She could hear Miss Zillah slapping the cold hands of the boy there on the couch; could hear her speaking to him and getting no answer. She wondered why Carin didn’t come to her to say something—to tell her how he was faring. Did they expect her to think of nothing but coffee, coffee, coffee—particularly when it seemed never to boil, never to get where it would be of any use?

When she carried the coffee into the living room, he was breathing heavily. His eyes were partly opened, and Miss Zillah had loosened his shirt at the neck, and had poured water over his face and hair. It made him look so strange—so different from the way he usually looked. And yet, though he looked so different, he seemed familiar, too, in a new way.

“It’s not of himself that he reminds me,” thought Azalea, “but of some one else.” The resemblance was pleasant to her, as if the person he made her think of was some one she liked, though she could not think who it was.

Miss Zillah lifted him up and held him steady while Azalea fed him from the spoon with the strong black coffee.

“Don’t let your hand tremble,” said Miss Zillah rather sharply. “Don’t think about your fears, Azalea. He’s got to have the coffee. His heart needs stimulating. Give it to him and stop trembling.”

Azalea wouldn’t have supposed it possible that by the mere exercise of will she could stop the shaking of her hand, but when Miss Zillah spoke to her that way, she steadied herself.

Did the moments go fast or slow? She could not tell. She gave him the full cup of coffee and went for more. Carin had heated some hot water and had put it in rubber bags at his hands and feet. He had been wrapped warm, and now, little by little, the horrid purple of his lips began to turn into something more like their usual color. His lids opened with a flutter and he saw those about him.

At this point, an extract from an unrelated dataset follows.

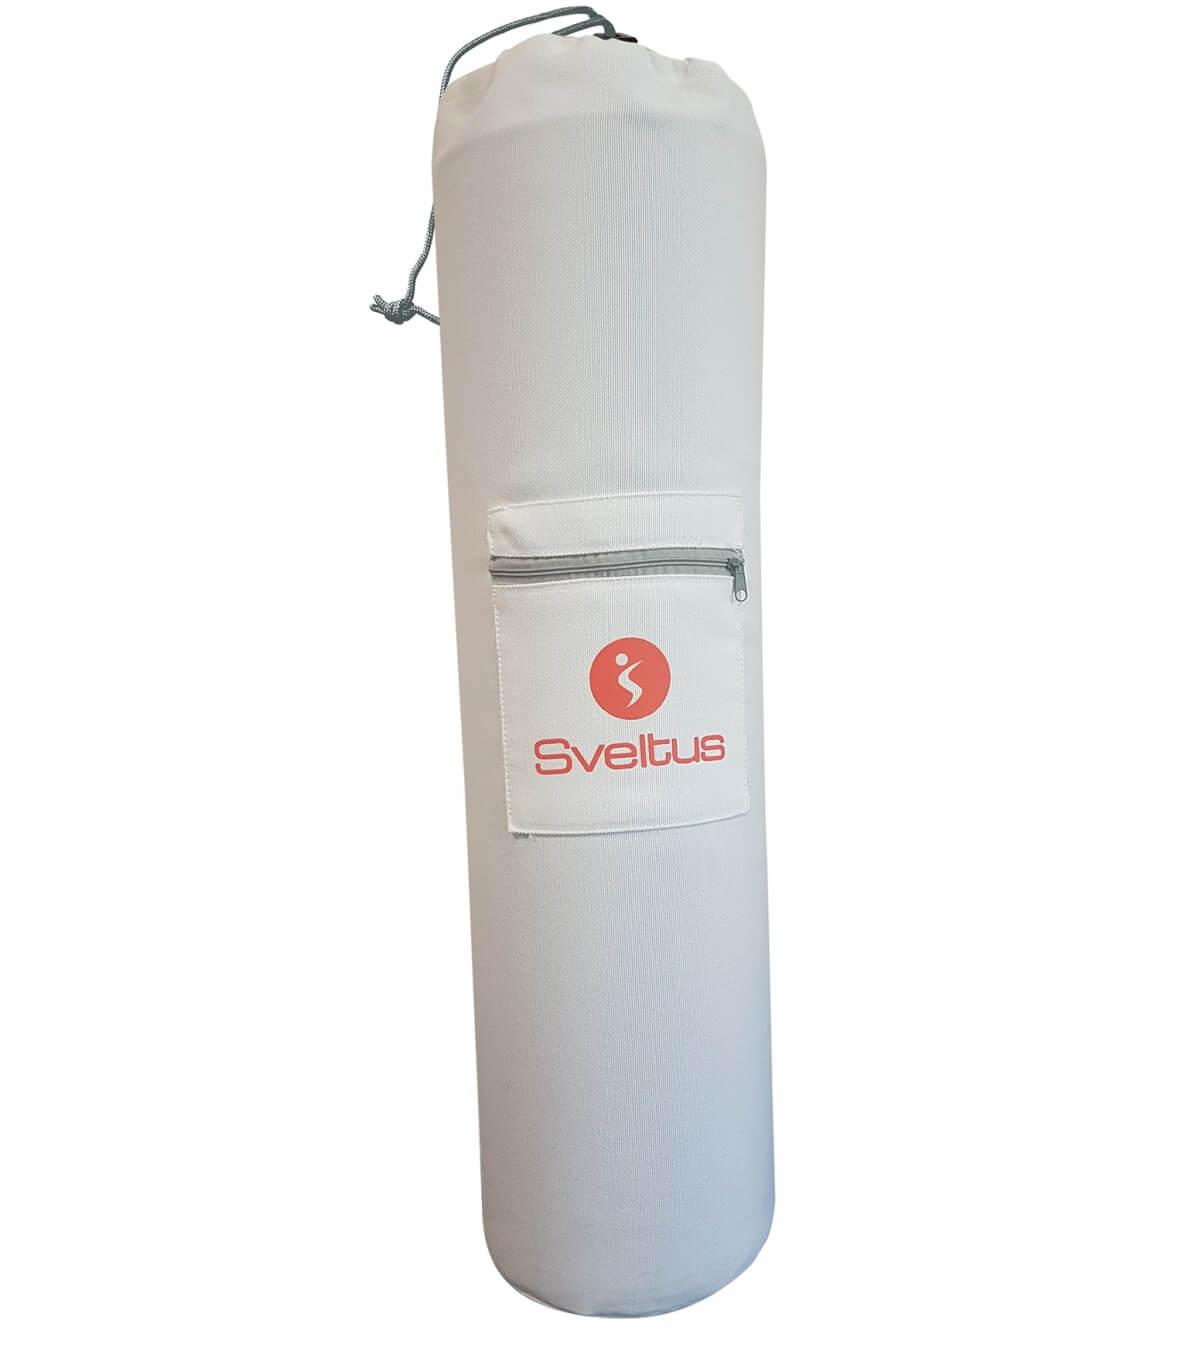 75 cm ou 90 cm de large Surya Bag Cotton Grand sac de yoga pour tapis de yoga en laine vierge 100 /% coton Aubergine Taille XL pour tapis de yoga de 60 cm

He smiled piteously, like a little boy, and closed his eyes again.

“Perfect rest is what he needs now,” said Miss Zillah. “He may have to be quiet for days. It takes much longer to rest a heart than it does to tire it. Go to bed now, girls. What a day you’ve had! Mercy, what would your people think, Carin, if they knew all you have been through? Don’t think of getting up in the morning, or of going to school. The very thought of your falling ill distresses me.”

It seemed outrageous to leave the gentle Miss Zillah there, her face all drawn with anxiety, alone with that almost unconscious boy, but she insisted upon having her way.

“I’ll call you,” she assured the girls, “if there’s anything you can do.”